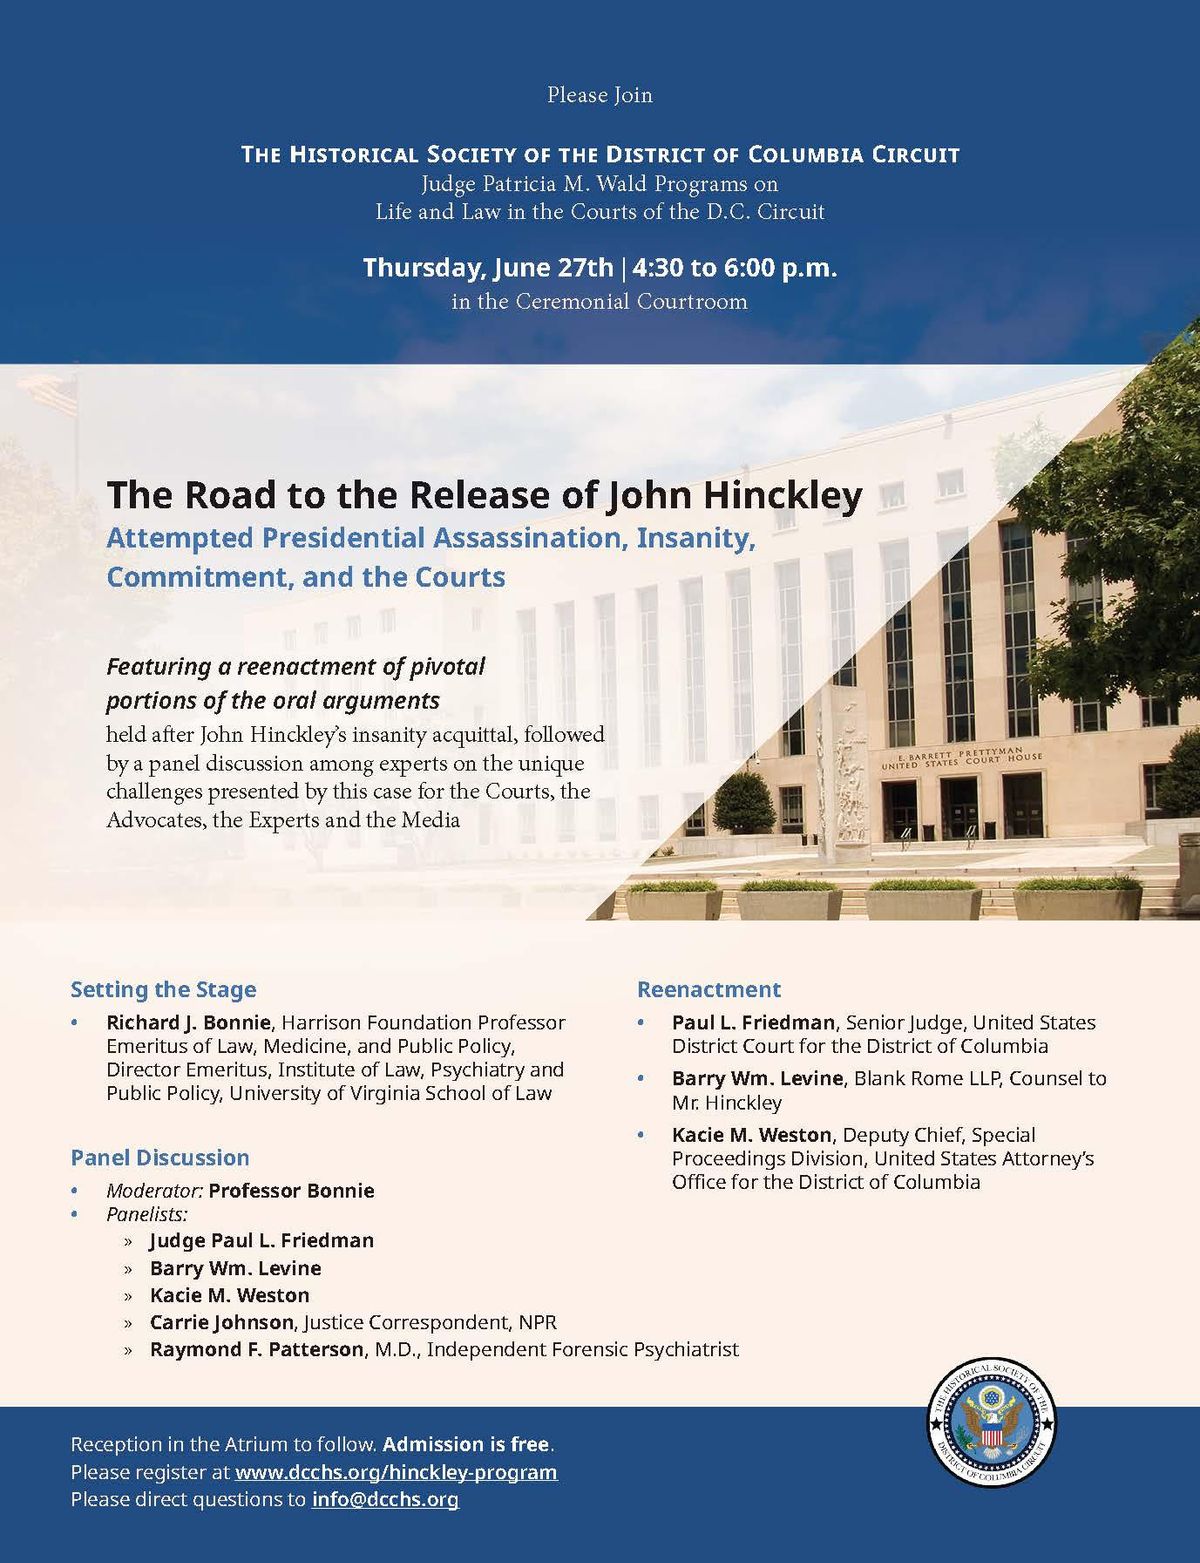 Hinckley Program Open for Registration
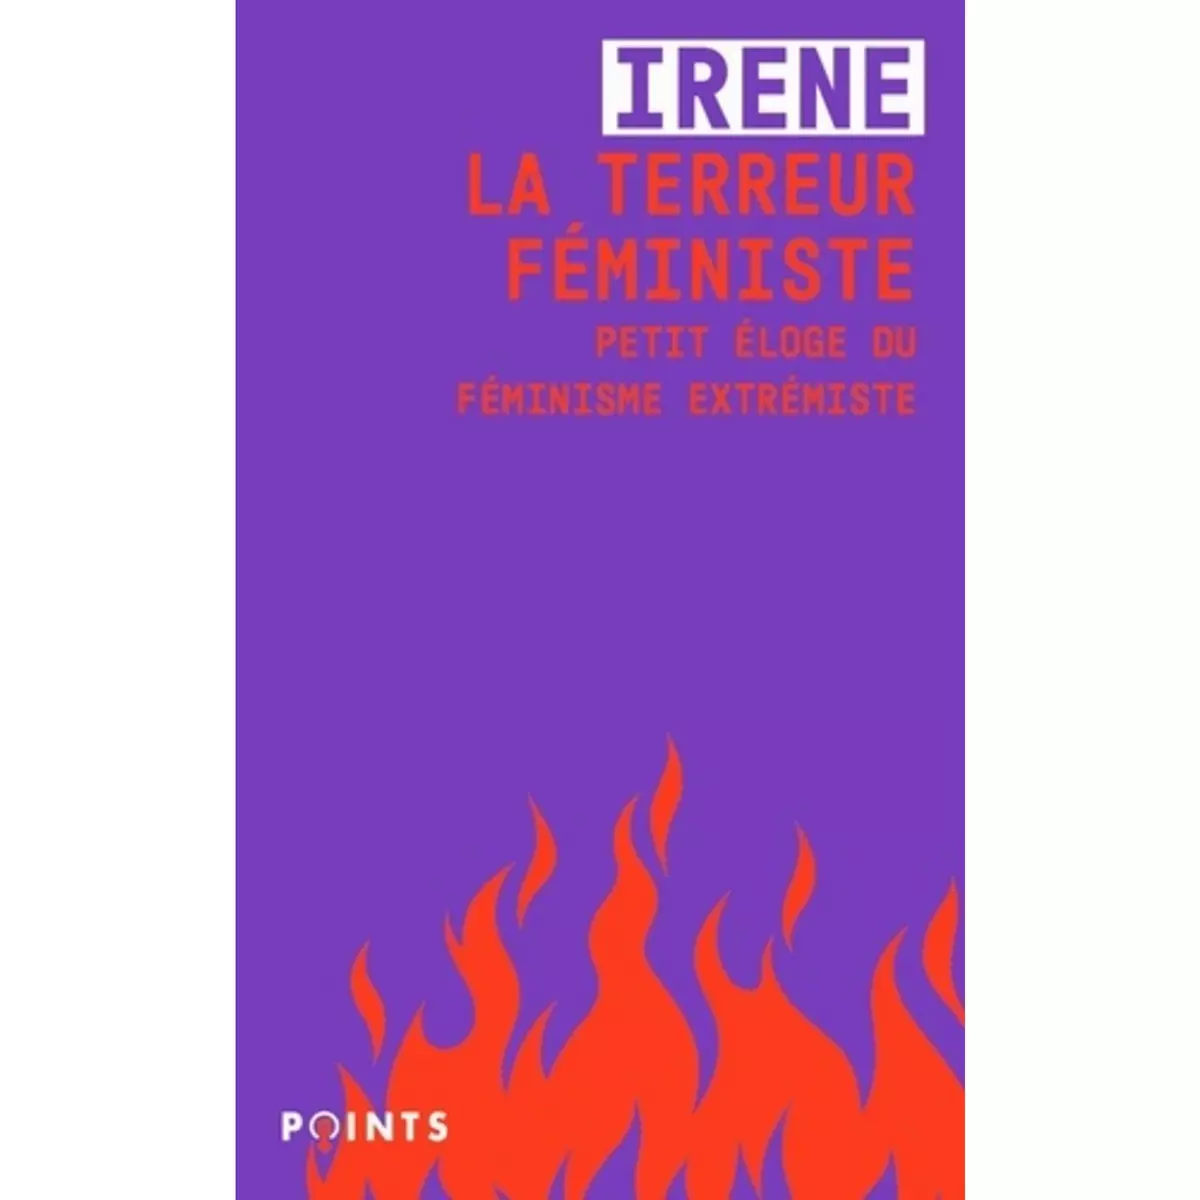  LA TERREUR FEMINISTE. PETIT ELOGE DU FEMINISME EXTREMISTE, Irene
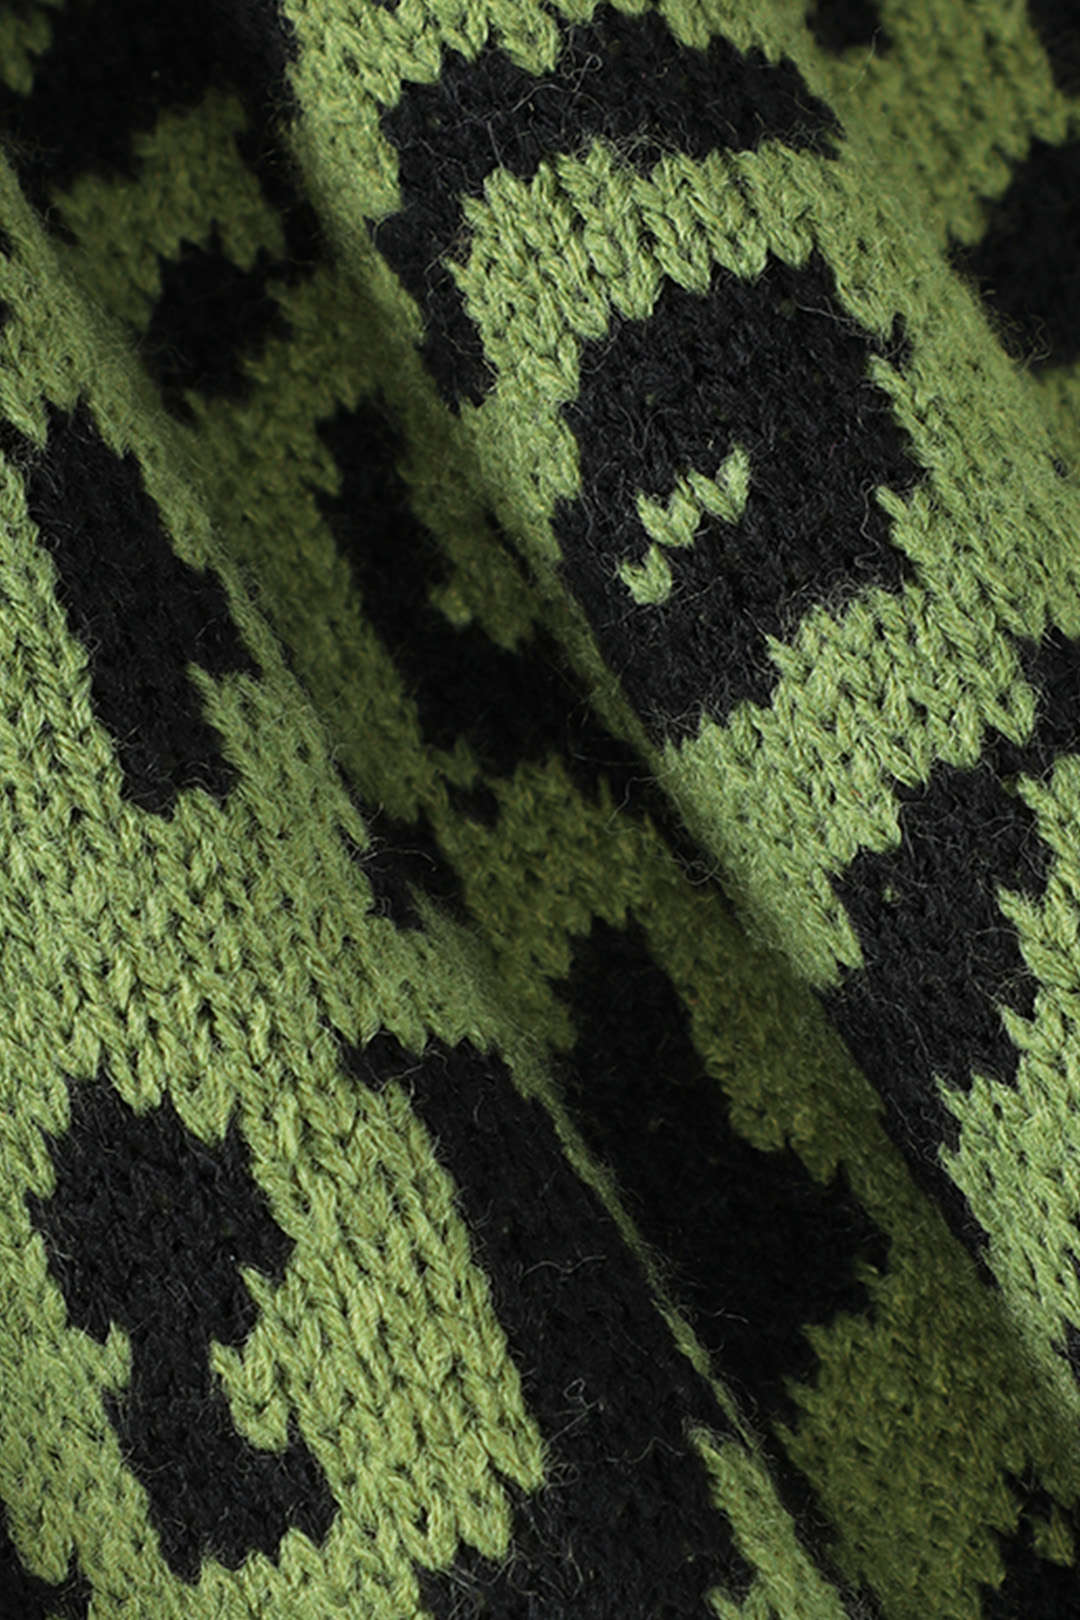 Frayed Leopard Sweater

What is being asked: Return the listing above in full and unaltered. Keep the pictures out.

Written solution:
 Hinckley Program Open for Registration
  LA TERREUR FEMINISTE. PETIT ELOGE DU FEMINISME EXTREMISTE, Irene
 Frayed Leopard Sweater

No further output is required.